» **HOW TO COMPLETE THIS TASK**
Copy the listing exactly, please, and keep every picture out of it.

Top of DATA SECTION

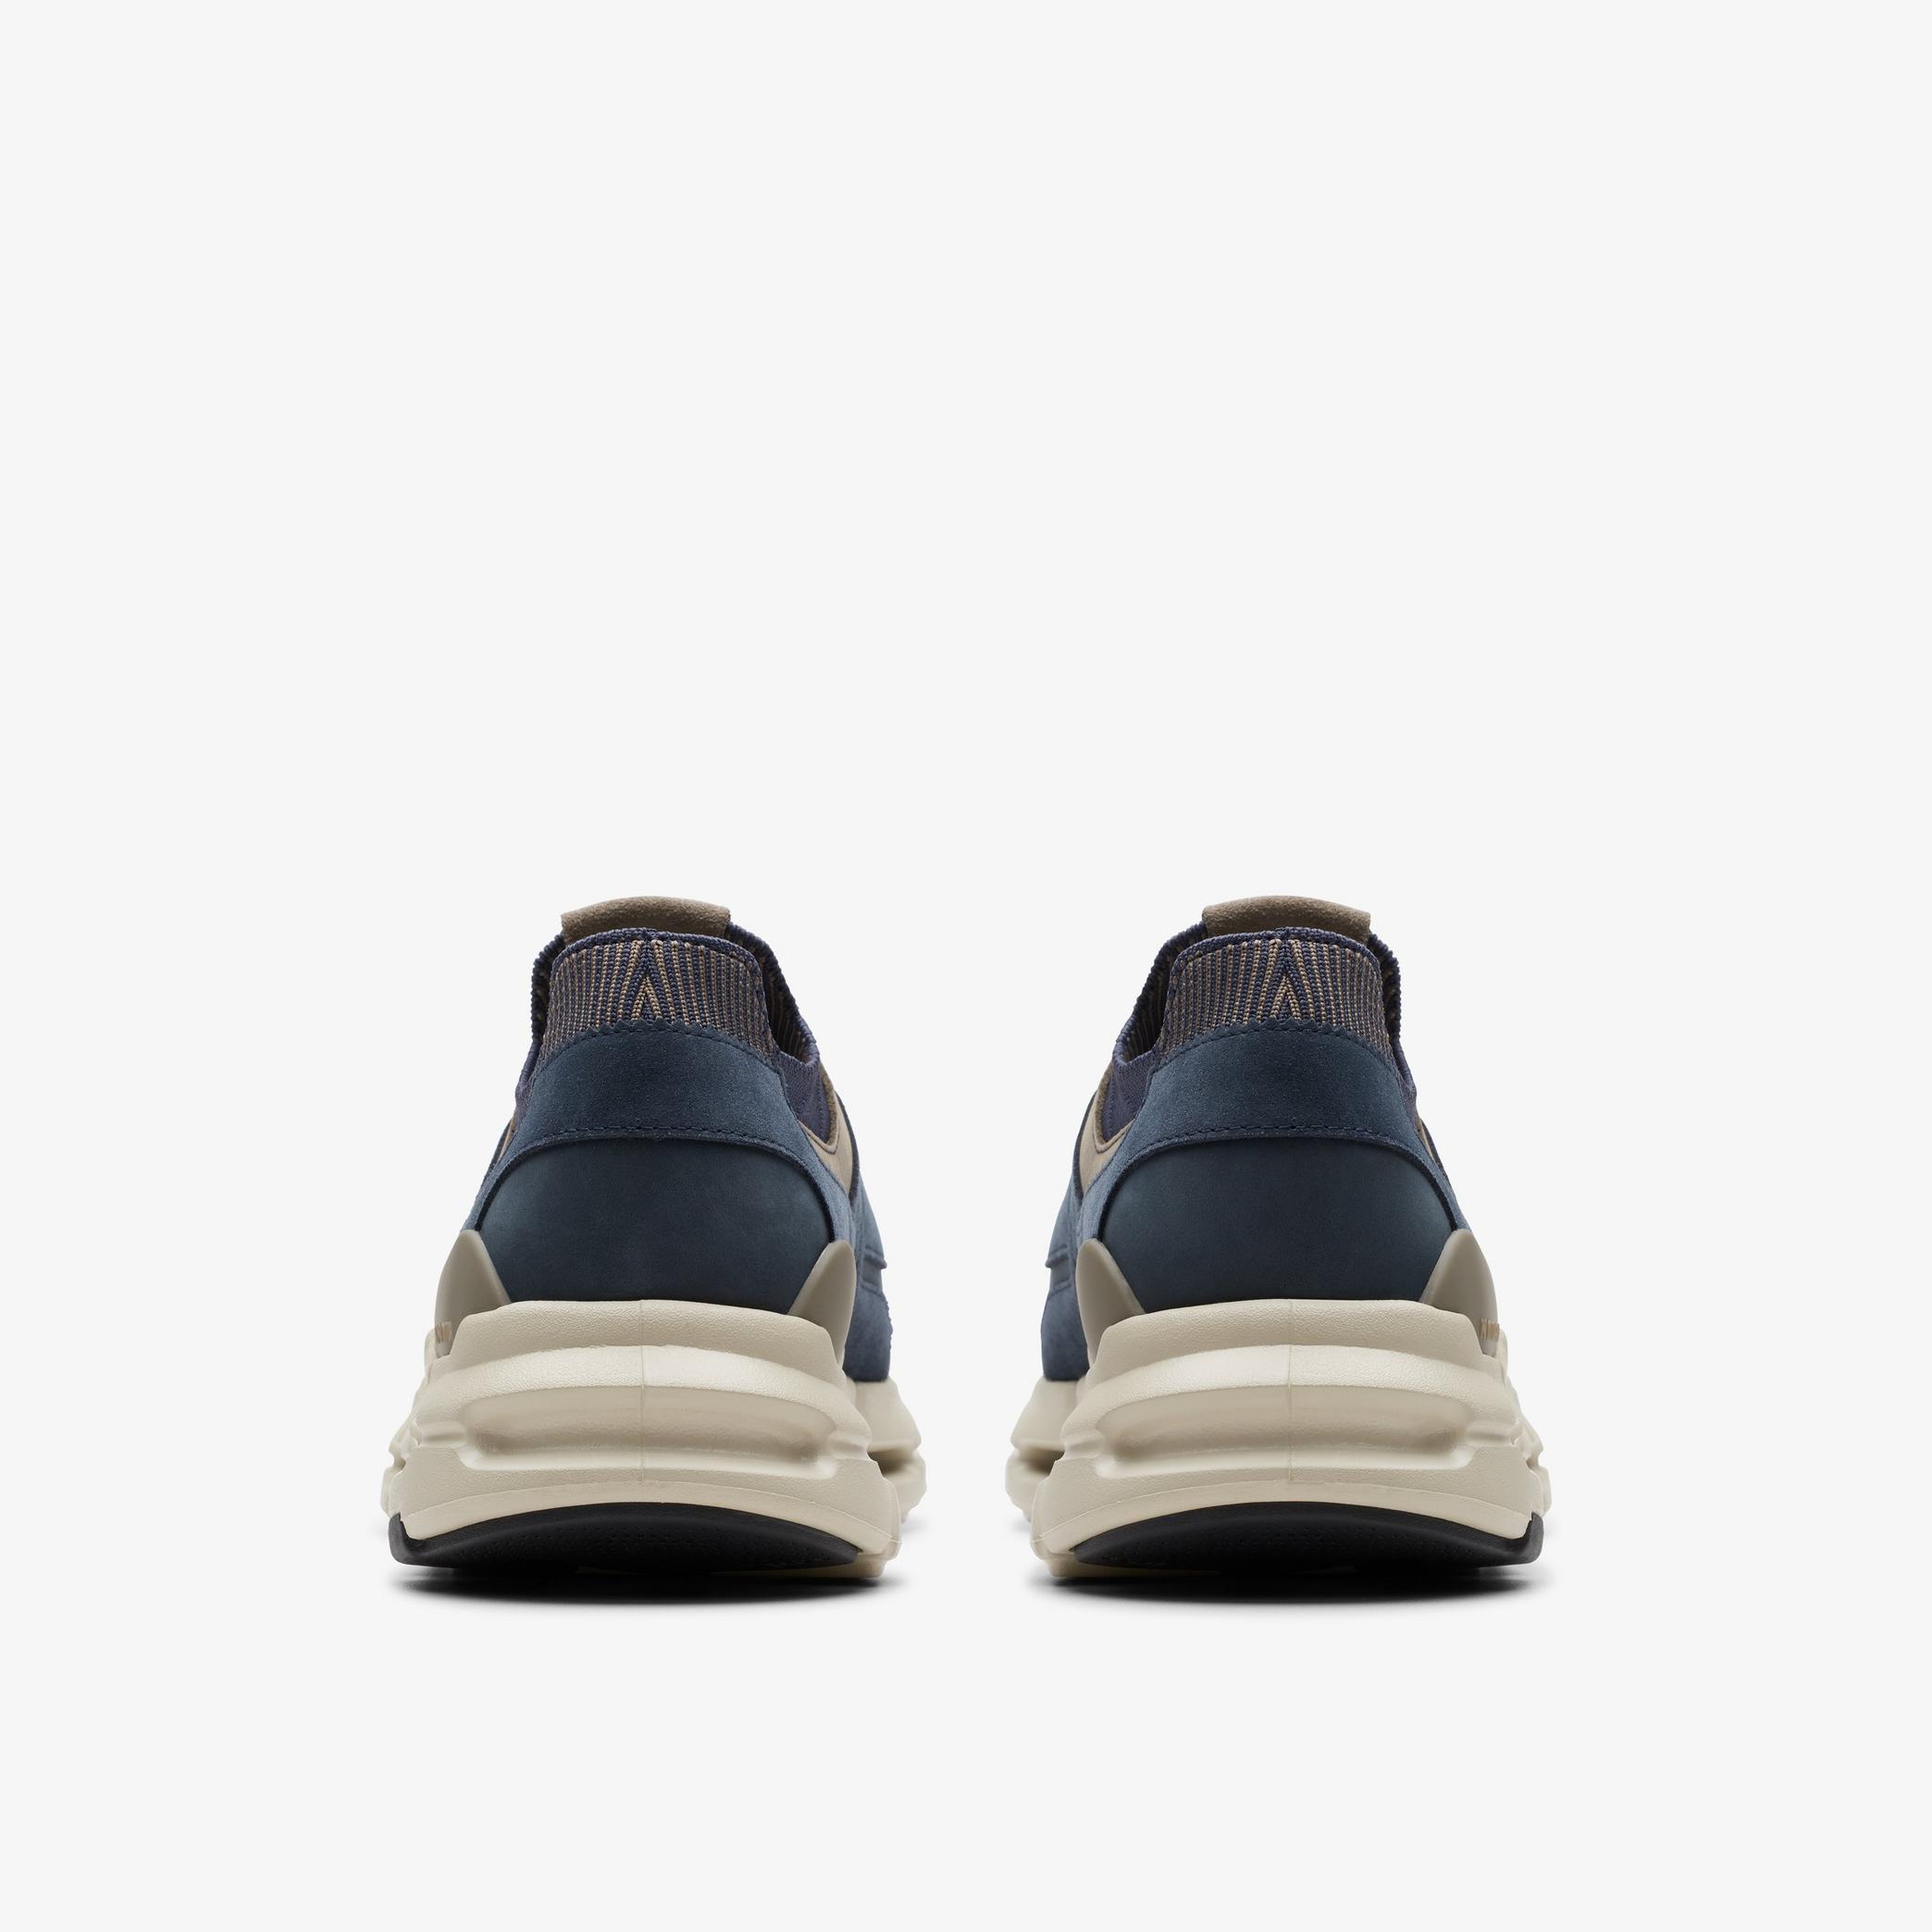 NXE Lo Navy Nubuck Shoes, view 5 of 7
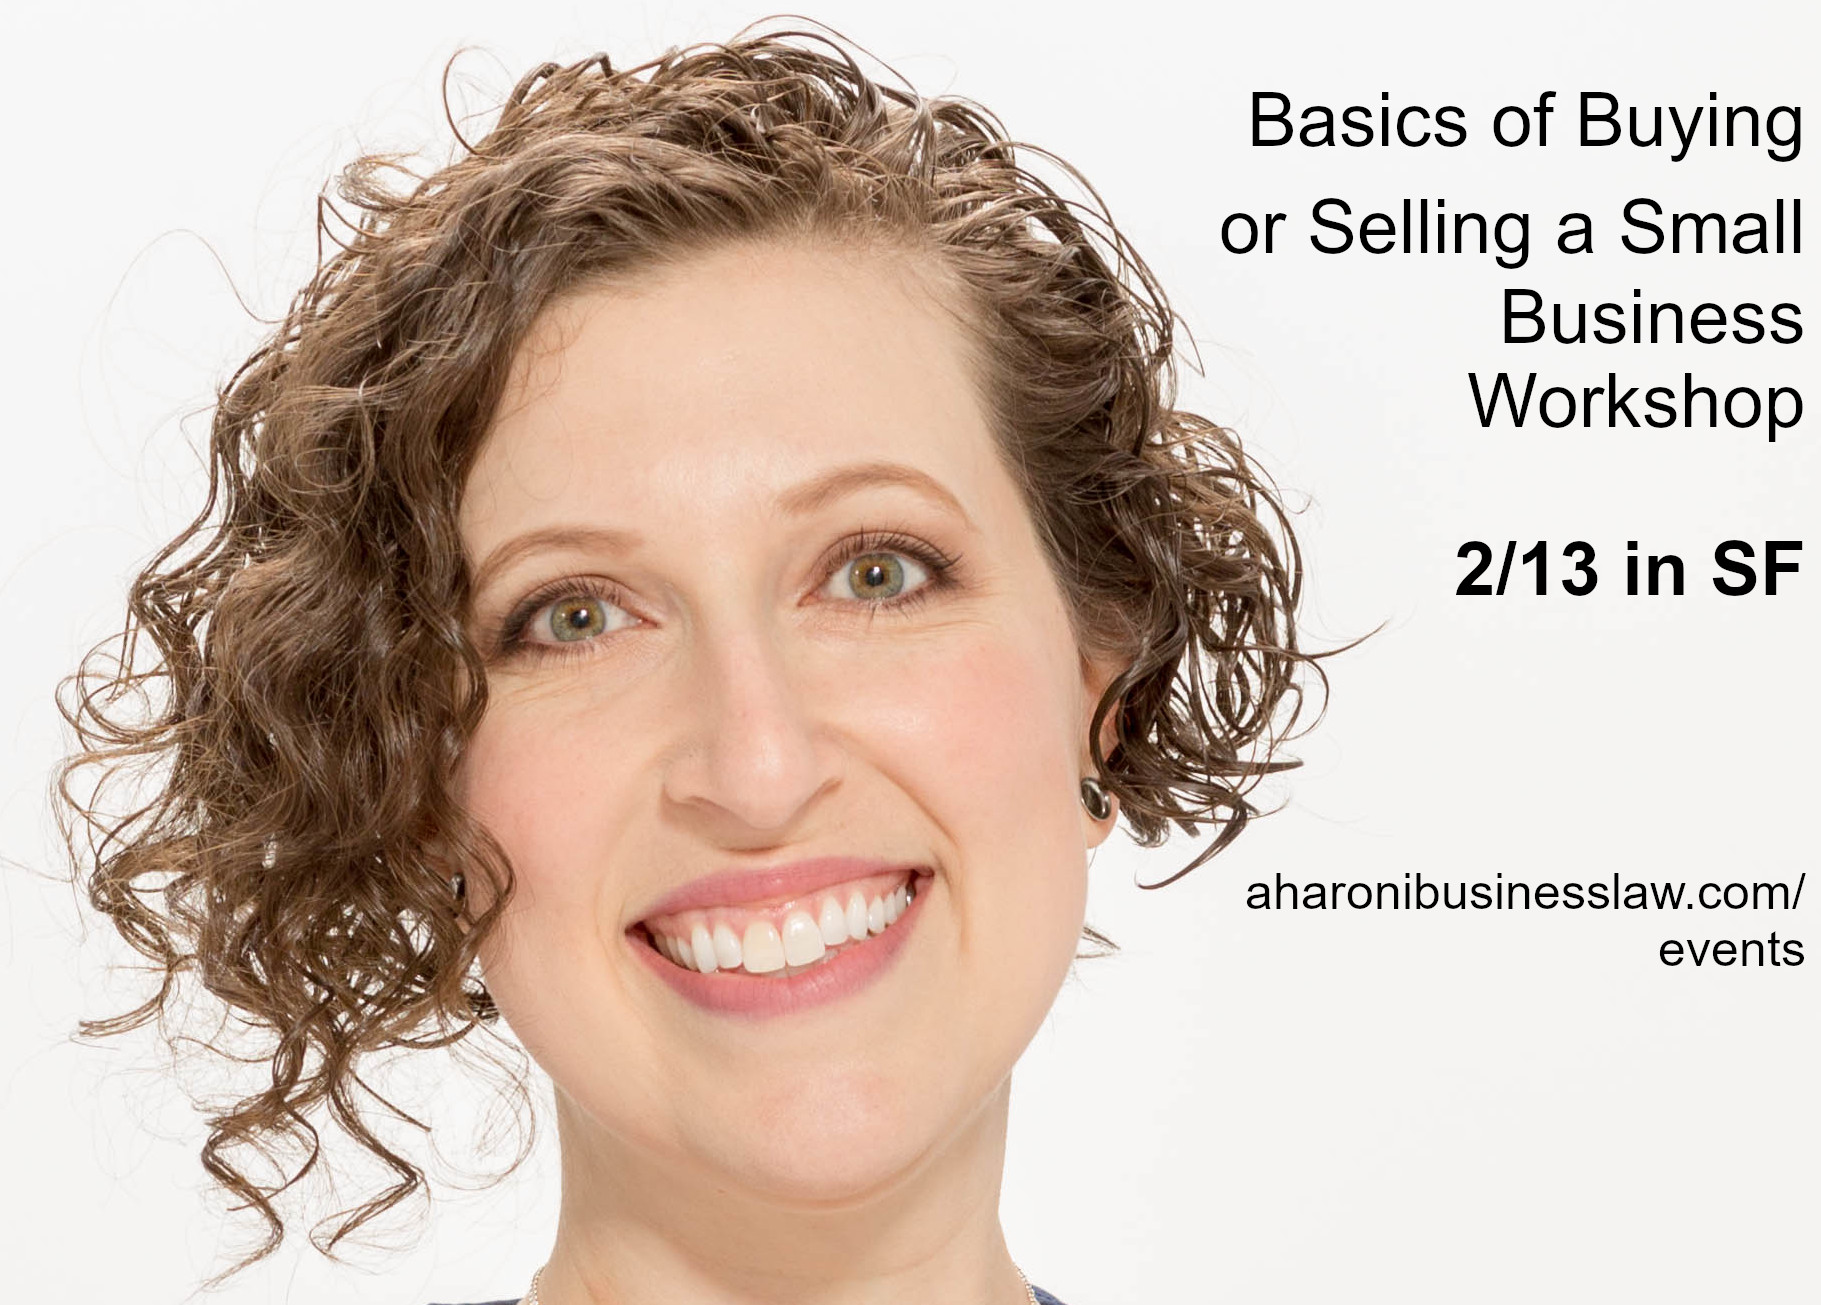 Galia Schmidt, smiling, with text "Basics of Buying or Selling a Small Business Workshop, 2/13 in SF"
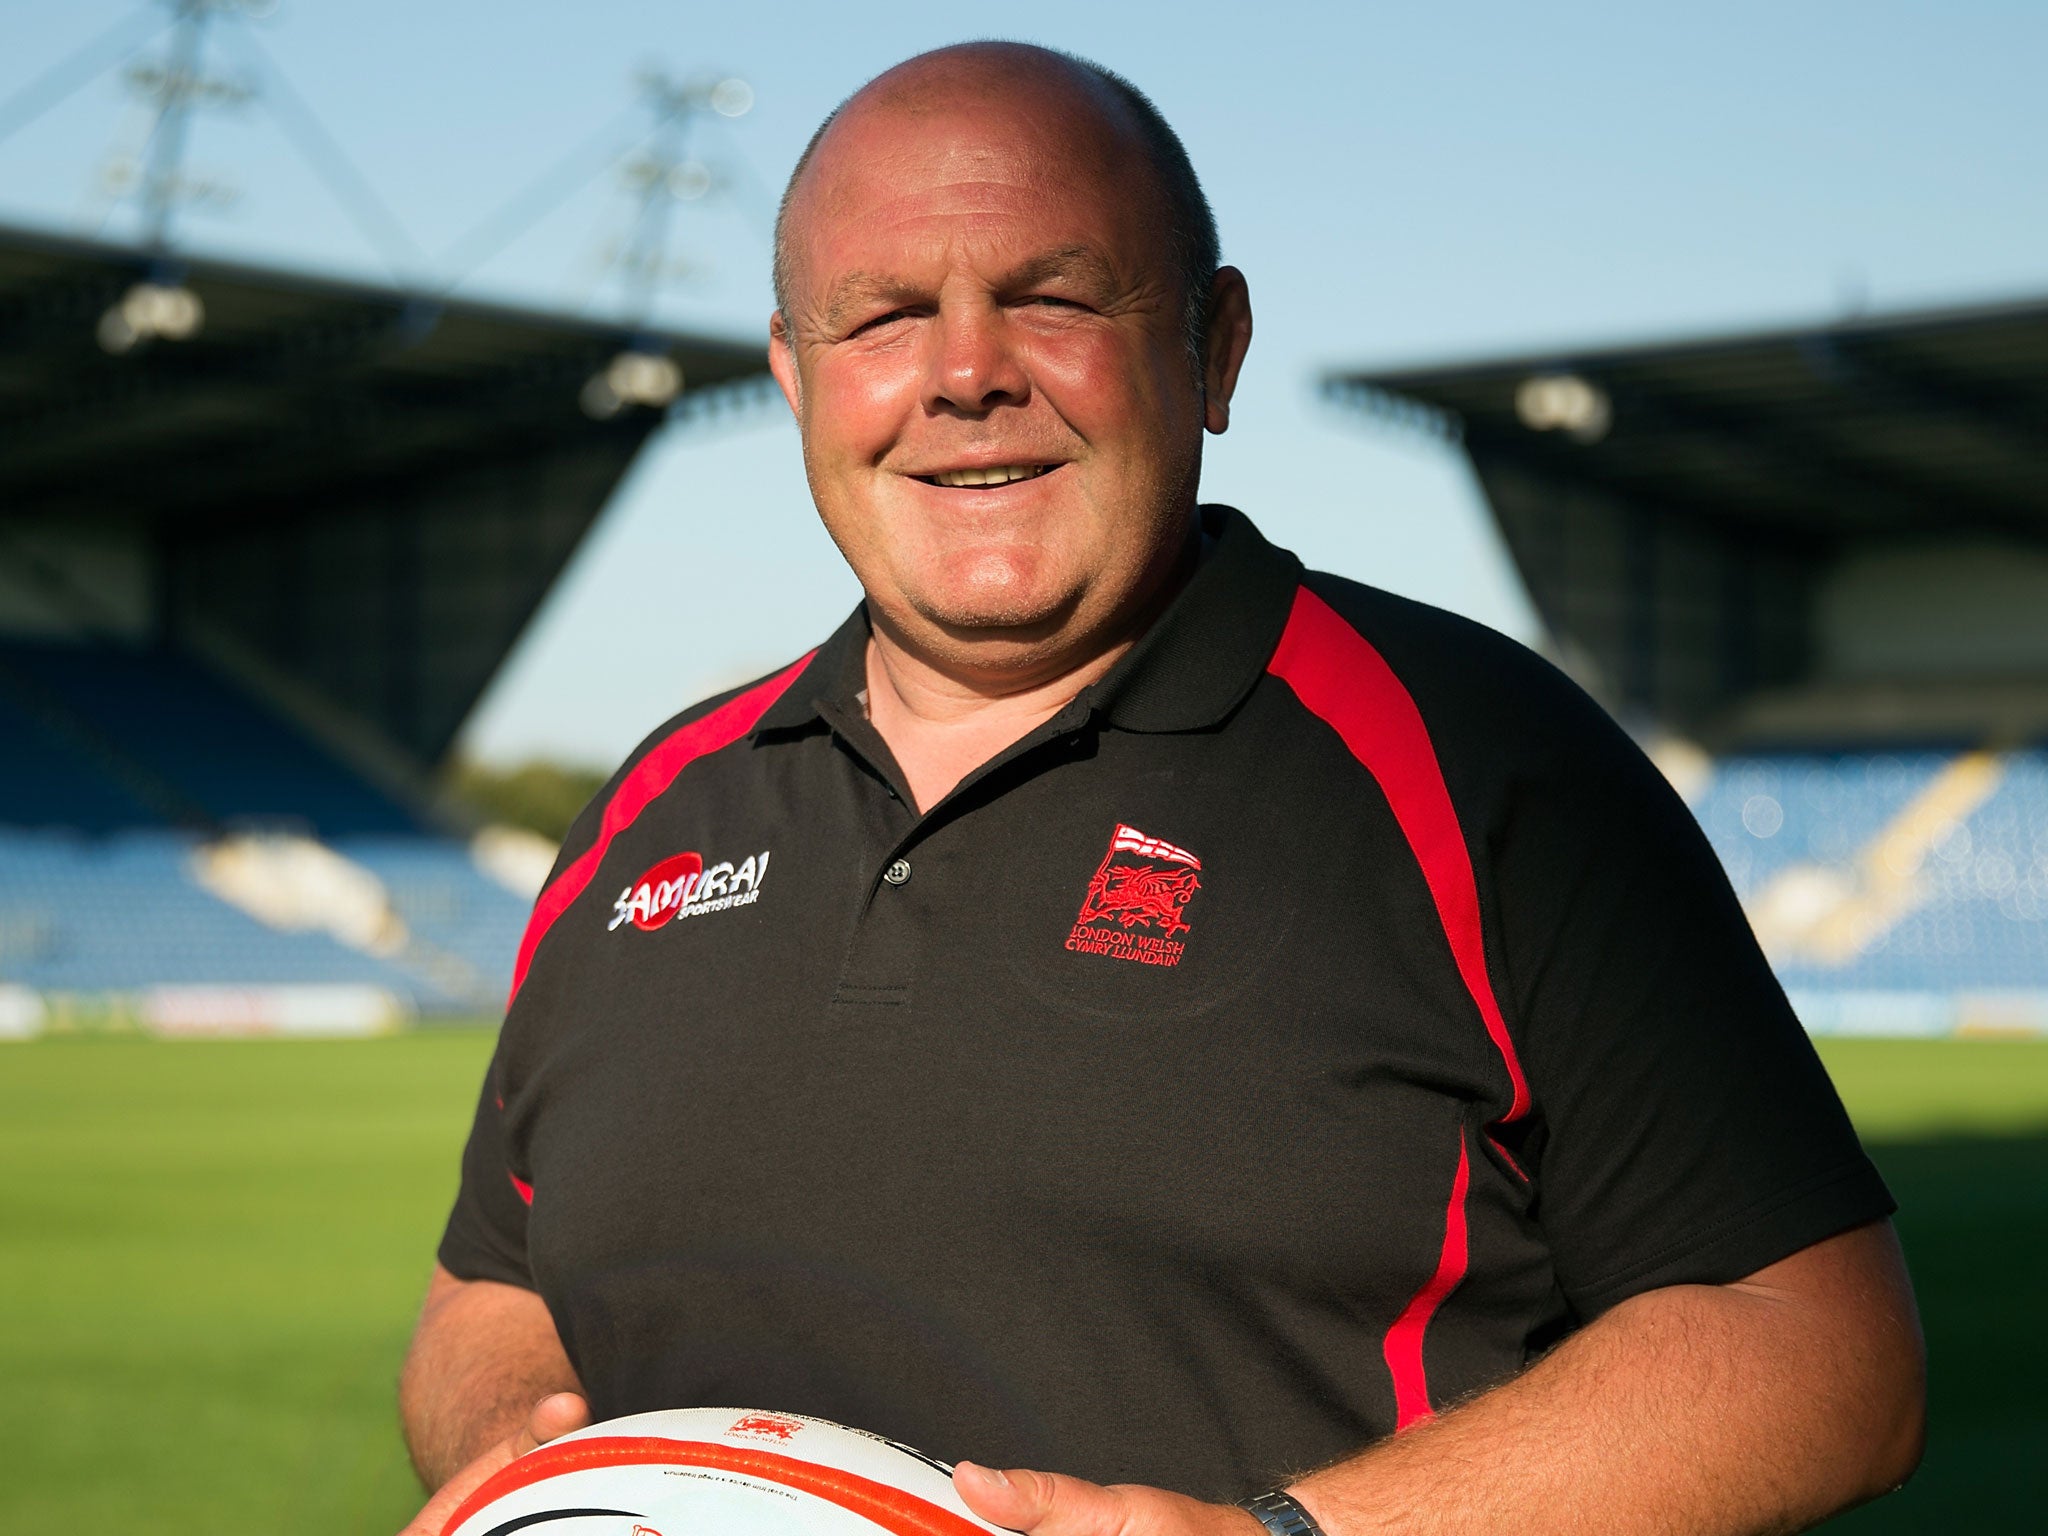 London Welsh’s new coach Justin Burnell is vying for promotion

Bottom of DATA SECTION

» **YOUR RESPONSE**
 NXE Lo Navy Nubuck Shoes, view 5 of 7
 Galia Schmidt, smiling, with text "Basics of Buying or Selling a Small Business Workshop, 2/13 in SF"
 London Welsh’s new coach Justin Burnell is vying for promotion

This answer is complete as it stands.